Myers says that HVAC and 24/7 lighting inside and outside of the hotel typically account for the majority of a hotel’s electricity expenses, and the Bakersfield’s location made cooling expenses even more dominant.

“The amount of electricity that this property consumed was pretty astronomical,” Myers says. He added that on top of the high temperatures, The Hampton Inn’s energy audit revealed that the property was built with vertical zoneline heating and cooling units, which are inefficient for hotels where temperatures regularly exceed 100 degrees. So, the solar system’s energy offset would provide a cost-effective solution to replacing the hotel’s entire cooling system.

Beyond the energy cost reductions, hotels with solar and other sustainability initiatives can also benefit customer acquisition.

Myers explains that Central California has many government and business travelers, and that the State requires employees to book rooms from an approved list of green hotels with pre-negotiated pricing.  As a result, Blackstone has been able to use its marketing resources to attract government travelers and large corporate customers that mandate the use of sustainable hotels like their Hampton Inn Bakersfield location.

Myers also points out that installing solar on hotels is part of Blackstone’s overall environmental stewardship. “We promote solar and other green initiatives to all of our owners and try to make sure that we’re a responsible operator. Hotels in small communities like Bakersfield are one of the largest consumers of natural resources based on water, electricity, and everything else that hotels consume. So we try our best to be a responsible operator in that regard.”

The Choice for Going Solar with Carports

Myers has personally been involved with two other hotel solar projects, but this is his first solar carport installation, and there were several reasons for this choice.

The first consideration was the Hampton Inn’s roof. Although rooftop solar installations are much less expensive than carports, the design of the Bakersfield hotel’s roof prevented REC from installing a system without first reconfiguring the roof and taking out the use—and income—of several top floor rooms for many months.
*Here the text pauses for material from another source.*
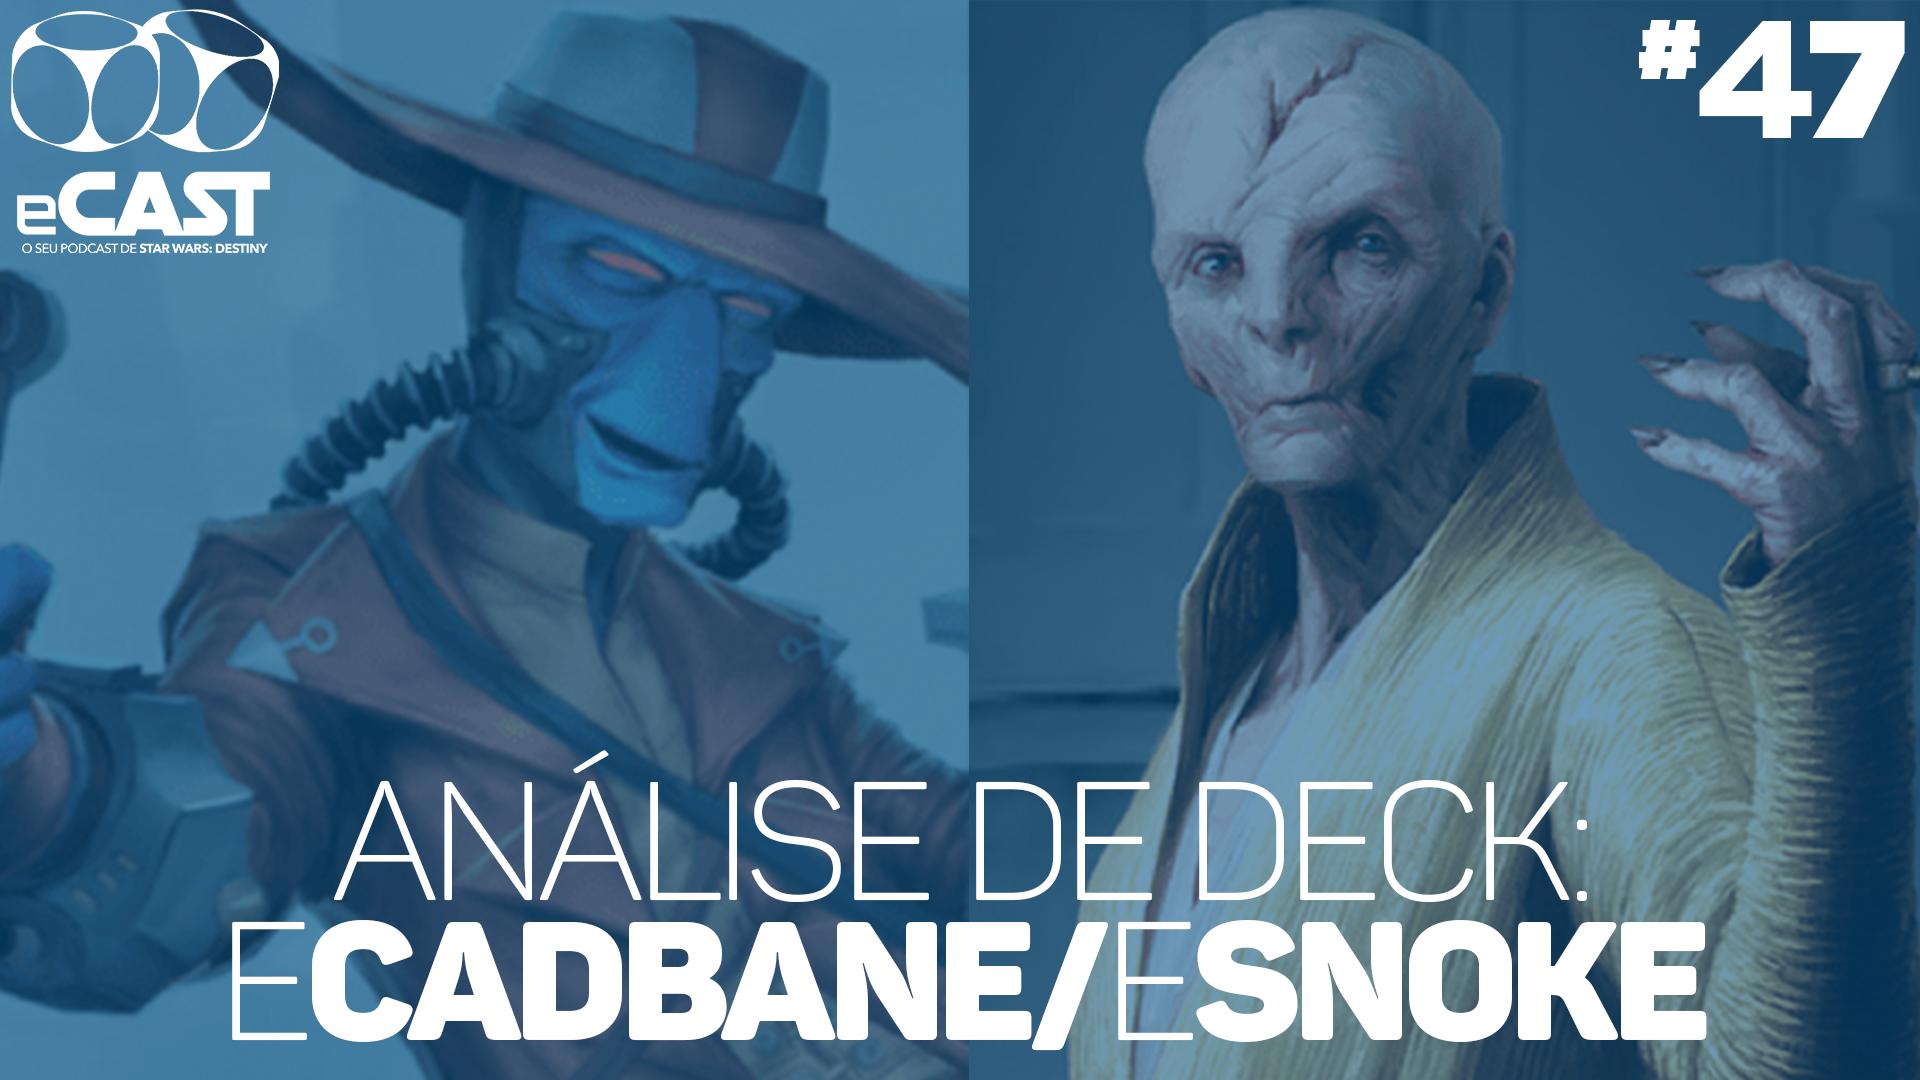 eCast 47 – Análise de deck: eCadBane/eSnoke

Second, the solar carport was attractive and provided extra comfort for guests.

“We do enjoy the appearance of the carport structure,” says Myers. “And from a guest’s standpoint, in an area with 110 to 115 degree heat, we think they’d welcome the shading carport structure that would allow them to get their vehicles out of that heat.”

Blackstone also saw the solar carport as an investment that would attract long distance electric vehicle (EV) travelers. The Bakersfield Hampton Inn installation includes two active EV charging bays that are wired to expand into a total of eight charging bays when EV visitors become more frequent.

Financing Solar for Hotels

There are a number of ways to finance solar PV systems for hotels, and those choices will depend on the company’s resources and business plan.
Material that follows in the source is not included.